Aces Go Places 5: The Terracotta Hit is a 1989 Hong Kong action comedy film directed by Lau Kar-leung with action choreography by Lau Kar-wing. This is the fifth installment in the Aces Go Places film series. It was released in the United States as Mad Mission 5: The Terracotta Hit. It is the last one to feature the same cast members, and the last to be produced by Cinema City before their shut down in 1991.

==Plot==
King Kong and Baldy, the "Aces," part ways in 1986 after a mission in Thailand to kidnap a woman on her way to marry her boyfriend (a rich man claiming to be her husband enlisted the Aces' services) goes sour. Three years later, figures from the famous Terracotta Army and a Qin Dynasty bronze sword called the "Chinese Excalibur" are stolen during their transport to an exhibition in Hong Kong. Based on pictures that appear in the media, the two men are accused of the heist. By this time, King Kong is running an investment company that has long since been in the red, and Baldy - who sent his wife and son to Canada - is hiding in a Sai Kung houseboat from creditors who lent him money to invest in the stock market.

When a muscular MSS operative called the Chinese Rambo separately visits Baldy and King Kong (with indirect approval from the Hong Kong Police Force command, who have long since disowned them), both men decide to find those who framed them to clear their names.

They discover that a brother-sister tandem calling themselves the "New Aces" took the pictures during the heist and wore face masks of the two men's likenesses while getting away with stealing the Chinese Excalibur. They interrogate them inside Baldy's houseboat, and as the siblings try to escape, they plunge into the water and go back to the house during which a Chinese ship tows the houseboat. All four of them are sent to Beijing prison camp and imprisoned to answer for the crime. They are forced to undergo a staged execution until the Chinese Rambo offers them a chance to get out of prison in exchange for helping the Chinese government recover the figures.

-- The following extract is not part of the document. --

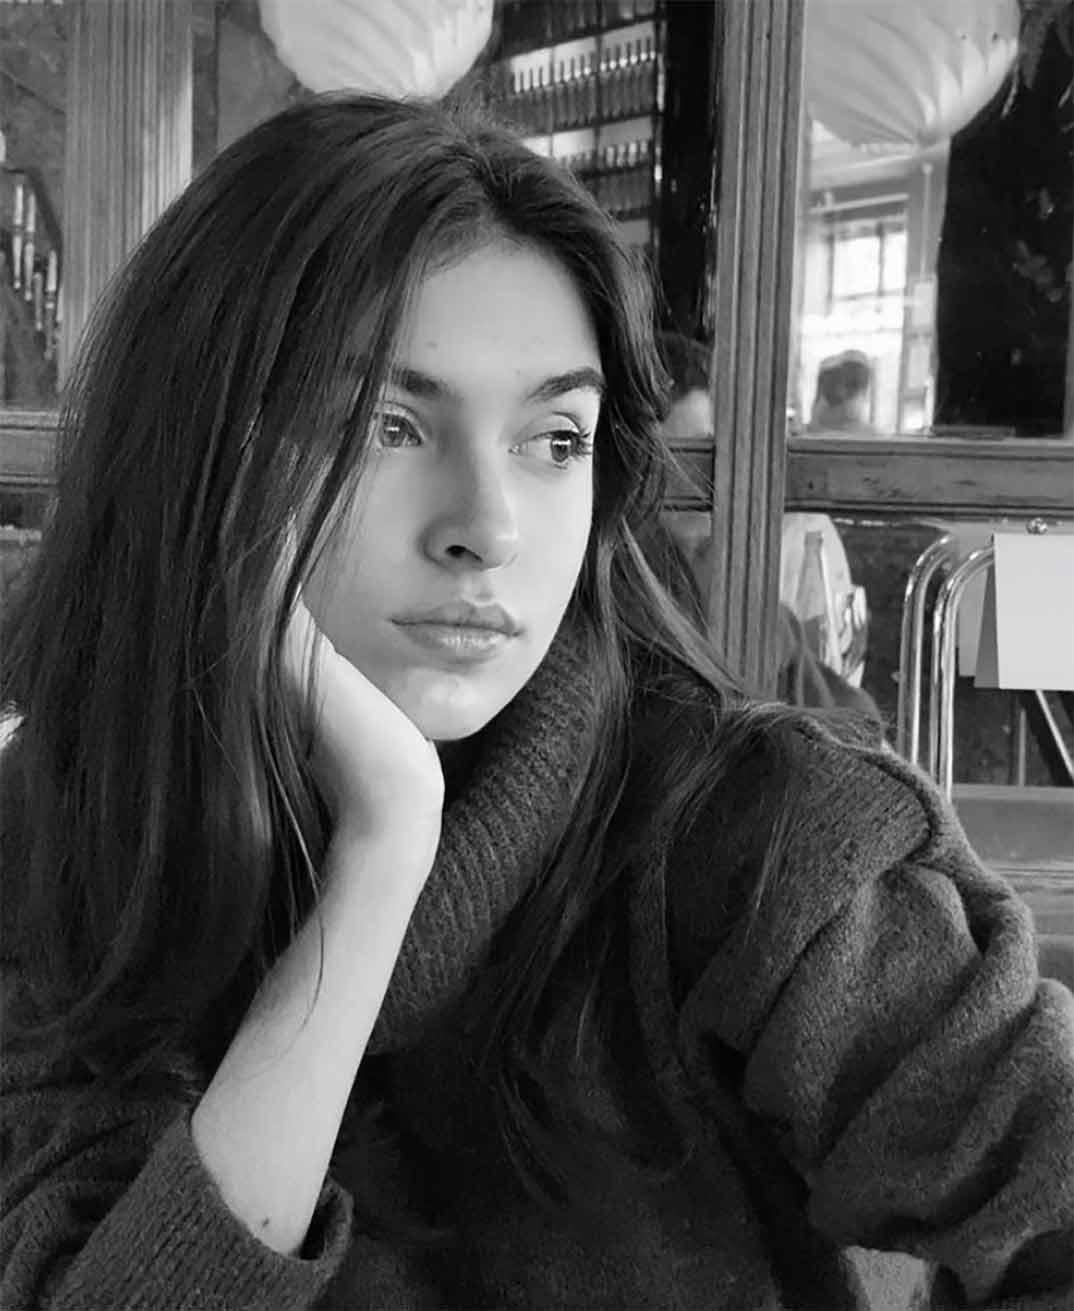 Lucía Rivera @luciariveraromero/Instagram
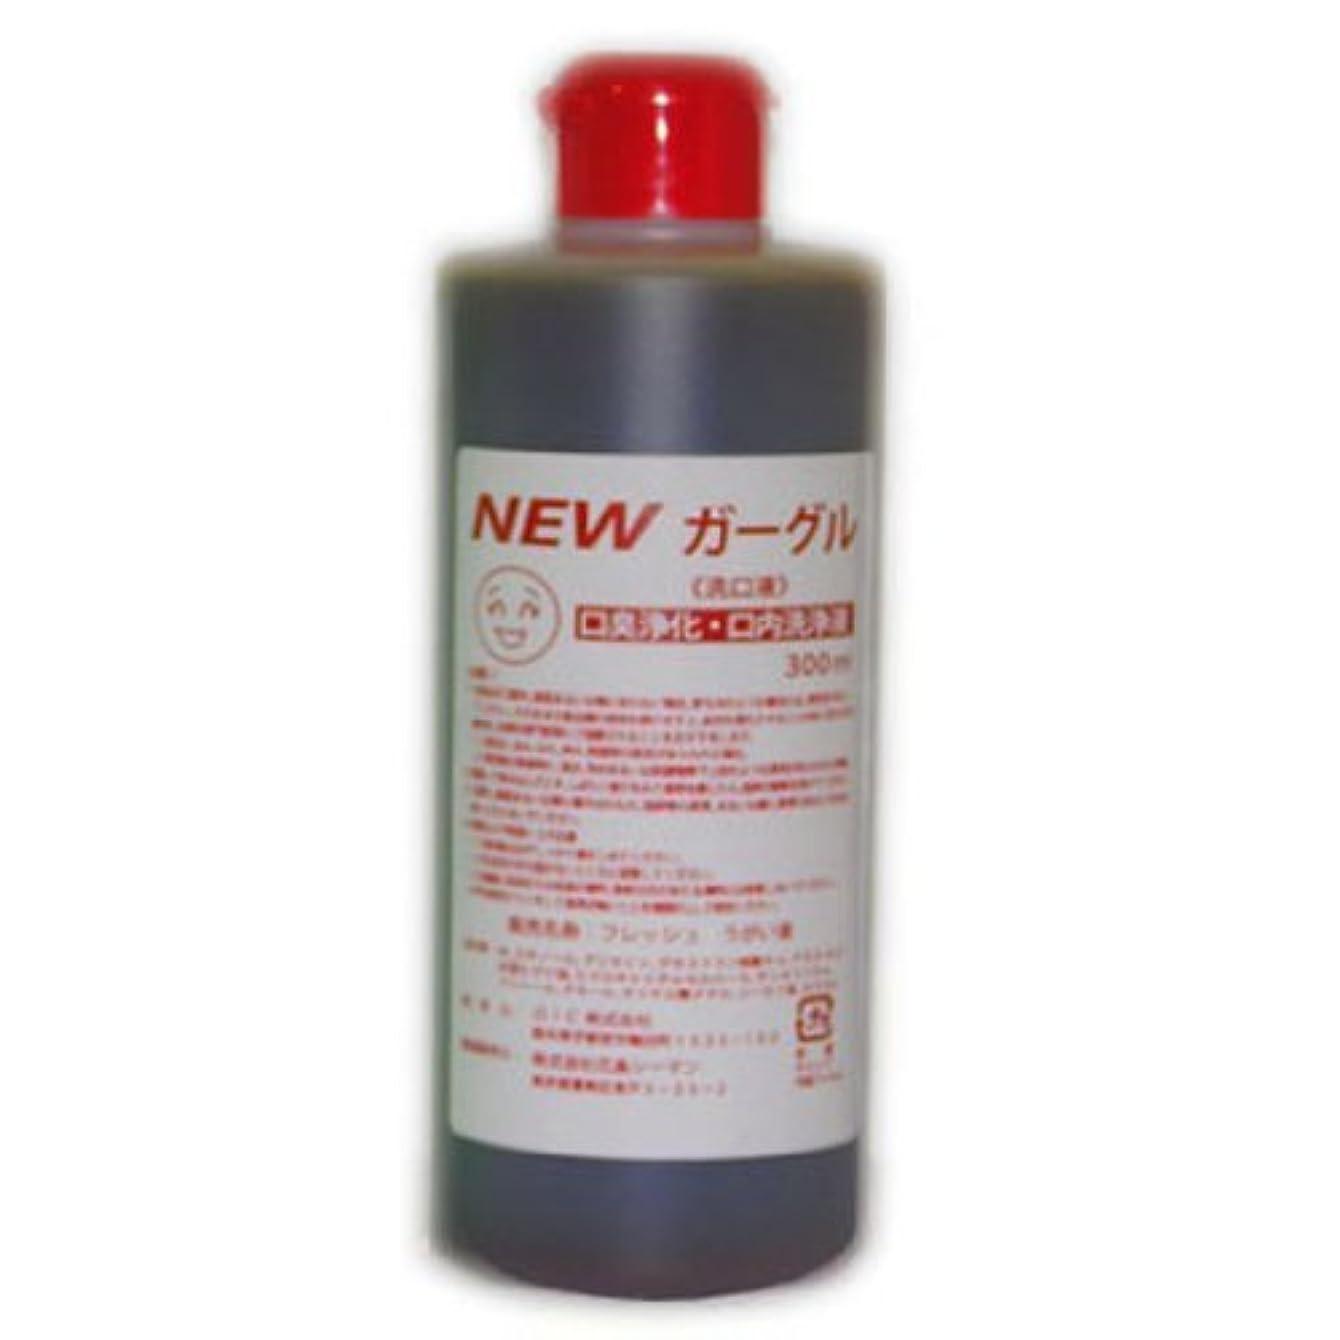 危険を冒します活力味わうフレッシュうがい液 マウスウォッシュ NEWガーグル 300ml 25倍濃縮お得タイプ(セット商品) (ブラウン10本セット)

The four Aces agree to help recover the figures from the White Gloves syndicate. They begin training in martial arts because Beijing specifically orders that the figures must not be damaged by any means. However, the Chinese Rambo calls off the training, explaining that the Chinese government will try to get the figures back through diplomatic means.

Despite the turn of events, the four Aces band together and proceed with the mission. A furious battle inside the White Gloves' hideout, which even involves the use of the Chinese Excalibur, results in the quartet recovering the figures. King Kong, Baldy, and the New Aces join the Hong Kong police in sending off the Chinese Rambo, who is safeguarding the shipment back to China.

==Cast==
- Samuel Hui as King Kong
- Karl Maka as Baldy
- Leslie Cheung as Brother thief
- Nina Li Chi as Sister thief
- Conan Lee as the Chinese Rambo
- Melvin Wong as Boss's aide
- Ellen Chan as Ellen
- Danny Lee as Prisoner
- Fennie Yuen as Baldy's niece
- Roy Cheung as Murderer King
- Maria Cordero as Woman in window
- Brad Kerner as White Gloves
- Cho Tat-wah as Uncle Wah
- Ha Chi-jan as Rambo's assistant
- Wayne Archer as Boss's thug
- Mark Houghton as Boss's thug
- Billy Chong as Boss's thug
- James Ha as Boss's thug
- Lau Kar-wing as Thai horse rider
- Hung Yan-yan as Thai horse rider
- Montatip Keawprasert as May
- Deborah Grant as Deborah
- Lu Yan as Lui Yin
- Jim James as police officer
- Ernest Mauser as police officer

==Box office==
This film grossed HK$20,032,206 during its theatrical run from 28 January to 22 February 1989 in Hong Kong.